# Modular Neural Network Engine
**Author:** MD Saifullah Baig.A
<br>
**Version:** 3.0

## Overview
This notebook implements a modular, scratch-built Deep Learning framework in Python. It is designed to demystify the internal mechanics of deep learning by implementing backpropagation, optimizers (SGD, Adam), and dynamic layer management without relying on auto-differentiation libraries.

**Key Features:**
* **Modular Architecture:** Dynamic stacking of layers.
* **Advanced Optimizers:** Custom implementation of Adam and SGD.
* **Vectorized Operations:** High-performance matrix computations using NumPy.

## 1. Dependencies
We utilize `NumPy` for high-performance matrix operations (Linear Algebra), which form the backbone of the tensor computations. `Pandas` and `Matplotlib` are employed for data management and visualizing the loss convergence during training.

In [1]:
import numpy as np
import pandas as pd
import matplotlib.pyplot as plt

## 2. Activation Functions & Derivatives
This static registry defines the non-linear activation functions ($\phi$) and their derivatives ($\phi'$). These functions are crucial for enabling the network to learn complex, non-linear patterns.

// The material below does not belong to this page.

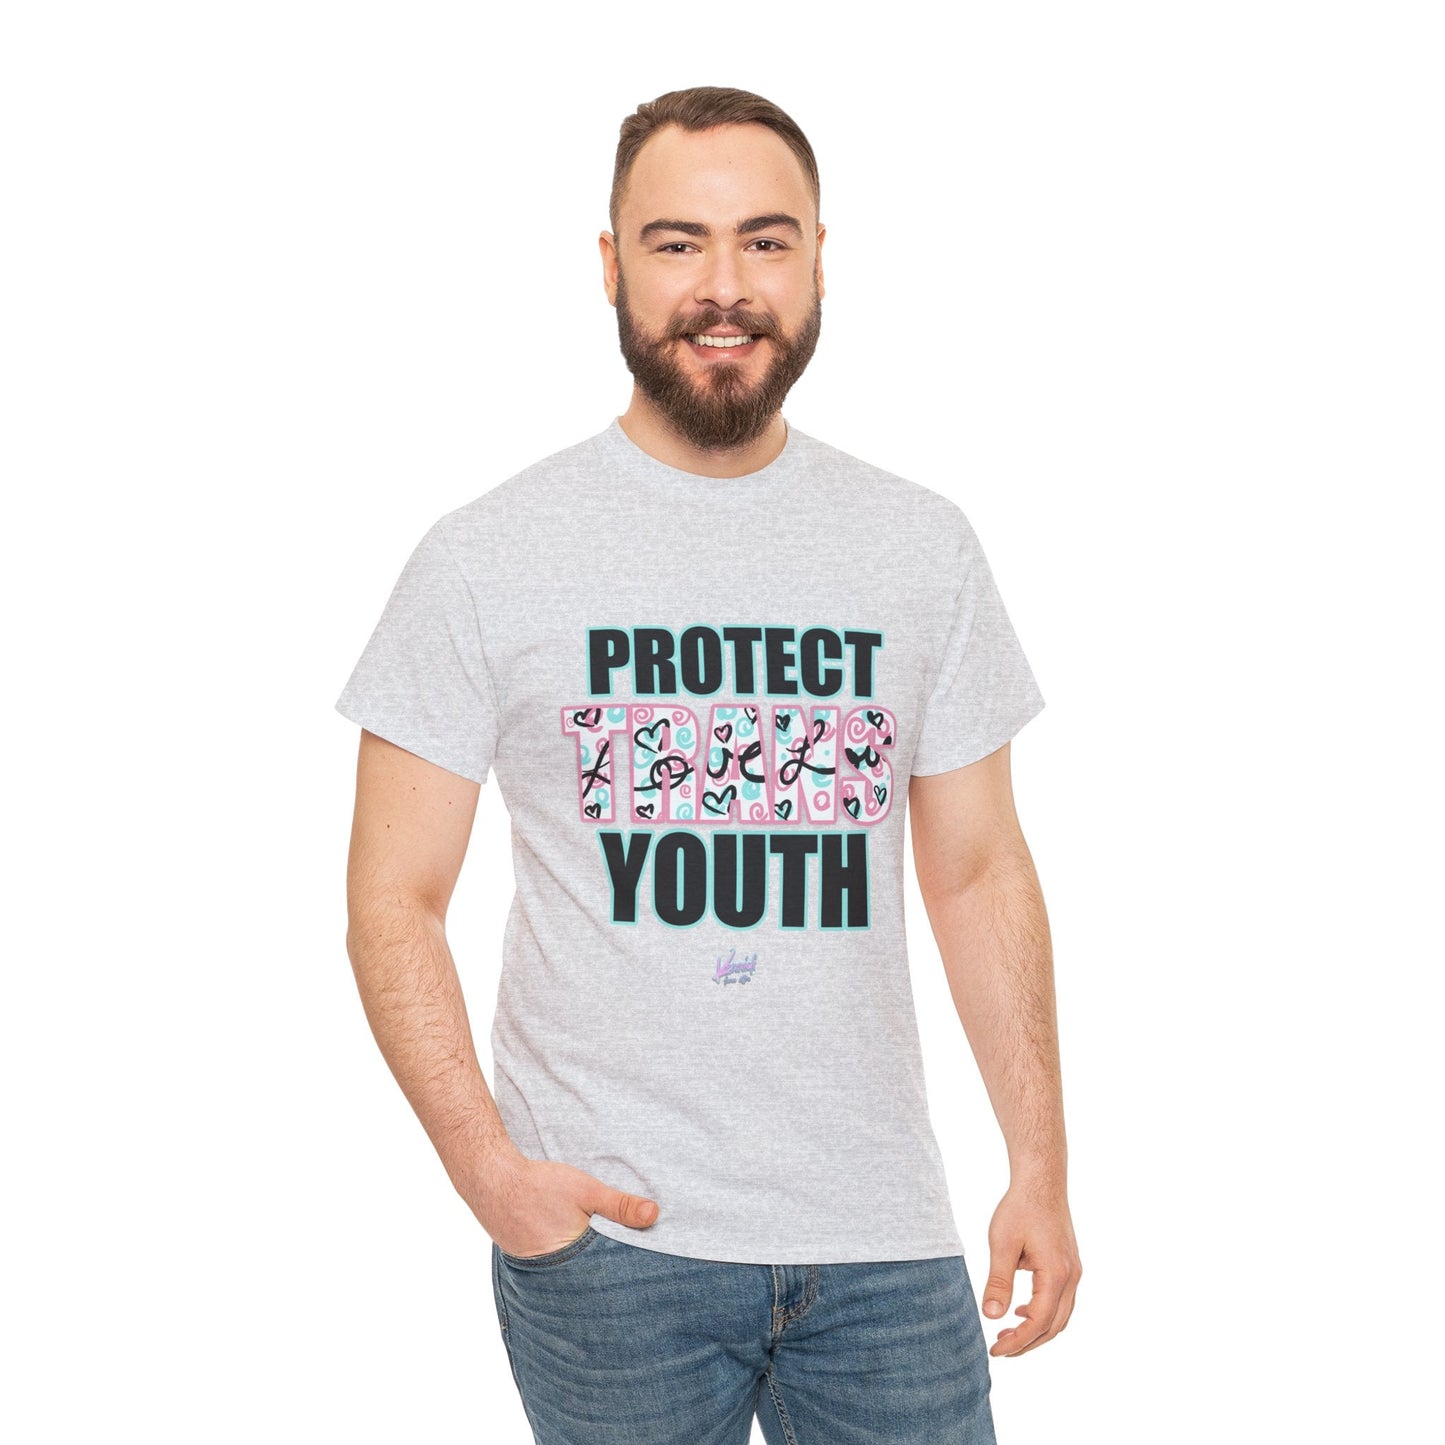 Protect Trans Youth Love 3.0 Unisex Heavy Cotton Tee - Ash / S T - Shirt
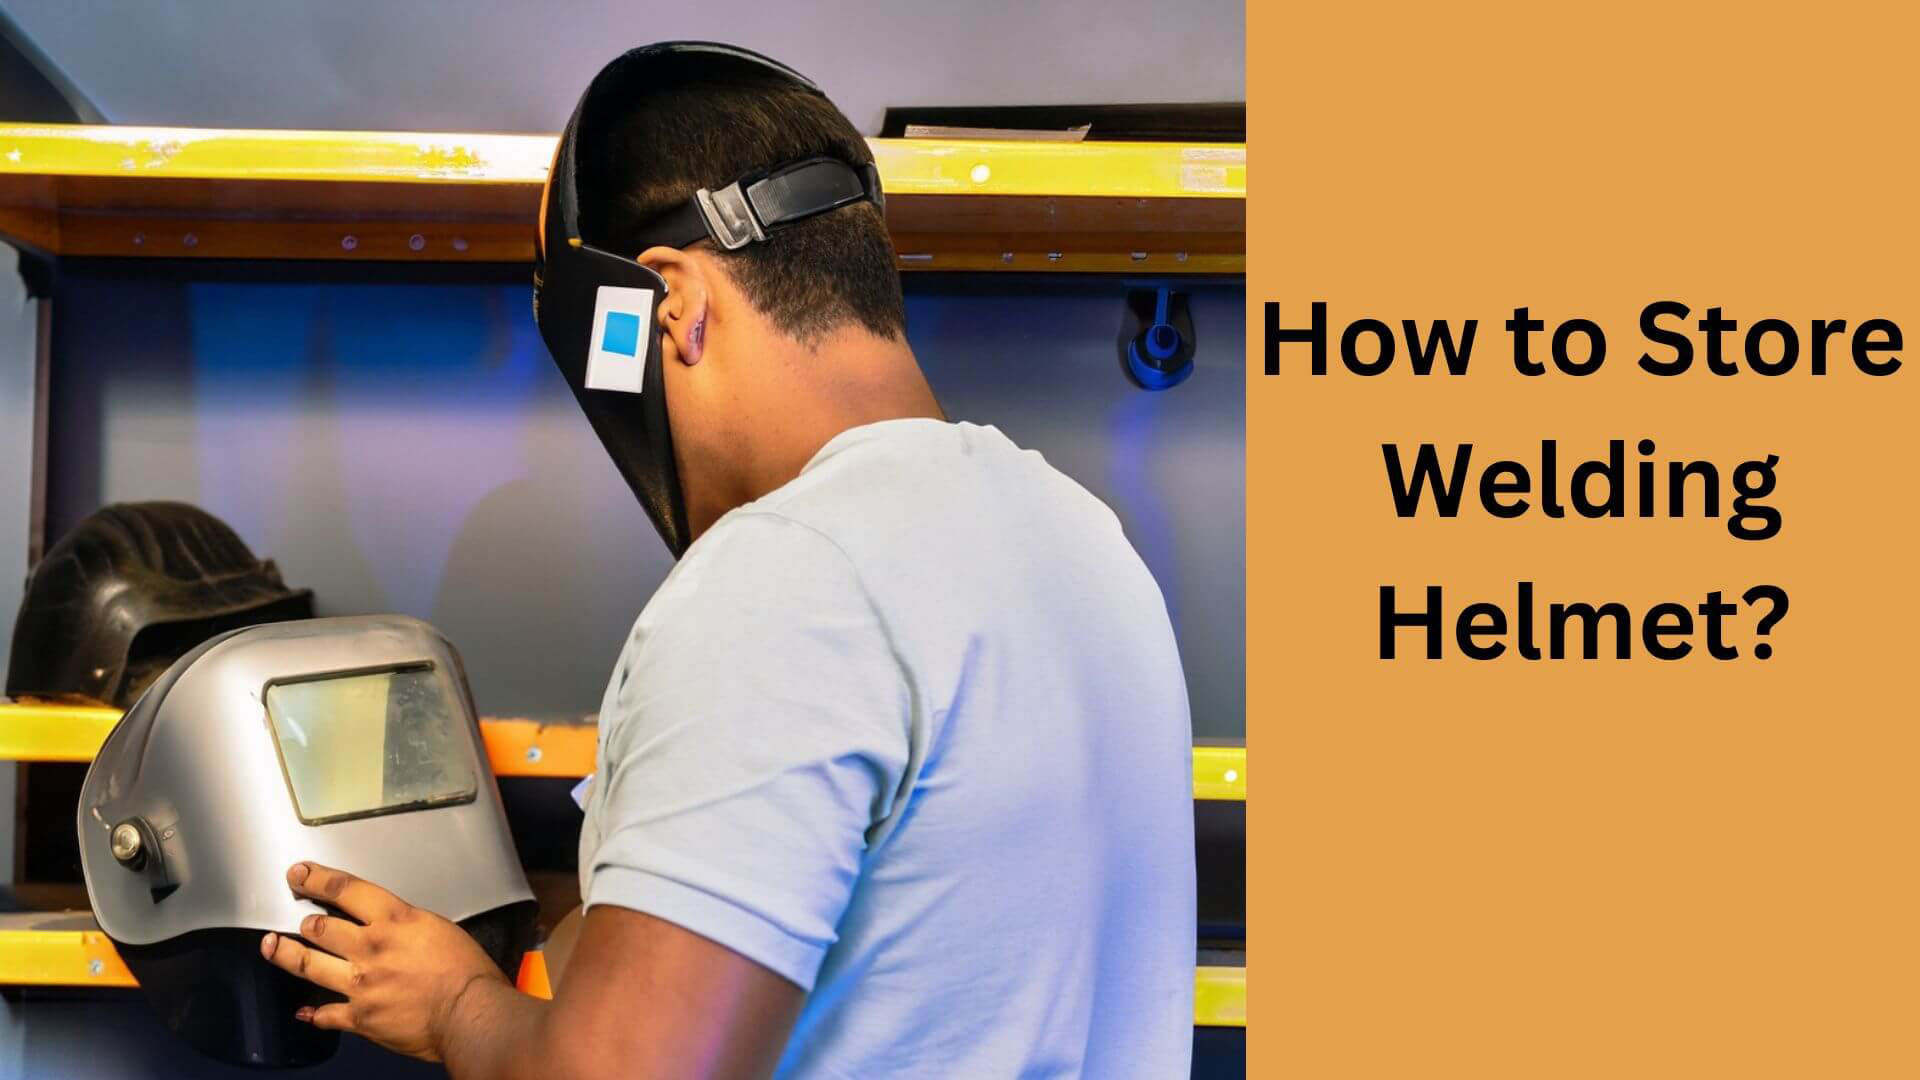 How to Store Welding Helmet Safely and Securely?

**Implemented Mathematics:**
* **Sigmoid:** $\sigma(x) = \frac{1}{1+e^{-x}}$
* **Tanh:** $\tanh(x) = \frac{e^x - e^{-x}}{e^x + e^{-x}}$
* **ReLU:** $f(x) = \max(0, x)$
* **MSE Loss:** $L = \frac{1}{n} \sum (y_{true} - y_{pred})^2$

In [2]:
class Activation():
    @staticmethod
    def sigmoid(x):
        return 1/(1+np.exp(-x))
    @staticmethod
    def tanh(x):
        return (np.exp(x)-np.exp(-x))/(np.exp(x)+np.exp(-x))
    @staticmethod
    def relu(x):
        return np.maximum(0,x)
    @staticmethod
    def mse(true,predicted):
        return np.mean((true-predicted)**2)
    

    @staticmethod
    def del_sigmoid(x):
        return x*(1-x)
    @staticmethod
    def del_tanh(x):
        return 1 - x**2
    @staticmethod
    def del_relu(x):
        return np.where(x > 0, 1, 0)
    @staticmethod
    def del_mse(true,predicted):
        return 2*(predicted - true)/true.size

## 3. Optimization Algorithms
The `Optimizer` base class defines the interface for parameter updates. We implement two distinct strategies to minimize the loss function:

### 3.1. Stochastic Gradient Descent (SGD)
A standard approach updating weights proportional to the negative gradient.
$$\theta_{t+1} = \theta_t - \eta \cdot \nabla J(\theta)$$

### 3.2. Adam (Adaptive Moment Estimation)
A robust optimizer that adapts the learning rate for each parameter by estimating the first ($m_t$) and second ($v_t$) moments of the gradients. We include bias correction to counteract initialization bias.

In [None]:
class Optimiser():
    def update(self,parameters,gradient):
        raise NotImplementedError
class SGD(Optimiser):
    def __init__(self,learning_rate=0.01):
        self.learning_rate=learning_rate
    def update(self,parameters,gradient):
        return parameters-self.learning_rate*gradient
class Adam(Optimiser):
    def __init__(self,learning_rate=0.1,beta1=0.9,beta2=0.999,epsilon=1e-8):
        self.learning_rate=learning_rate
        self.beta1=beta1
        self.beta2=beta2
        self.epsilon=epsilon
        self.m=None
        self.v=None
        self.t=0
    def update(self,parameters,gradient):
        if self.m is None:
            self.m=np.zeros_like(parameters)
            self.v=np.zeros_like(parameters)
        self.t+=1
        self.m=self.m*self.beta1+(1-self.beta1)*gradient
        self.v=self.v*self.beta2+(1-self.beta2)*(gradient**2)
        m_corrected=self.m/(1-self.beta1**self.t)
        v_corrected=self.v/(1-self.beta2**self.t)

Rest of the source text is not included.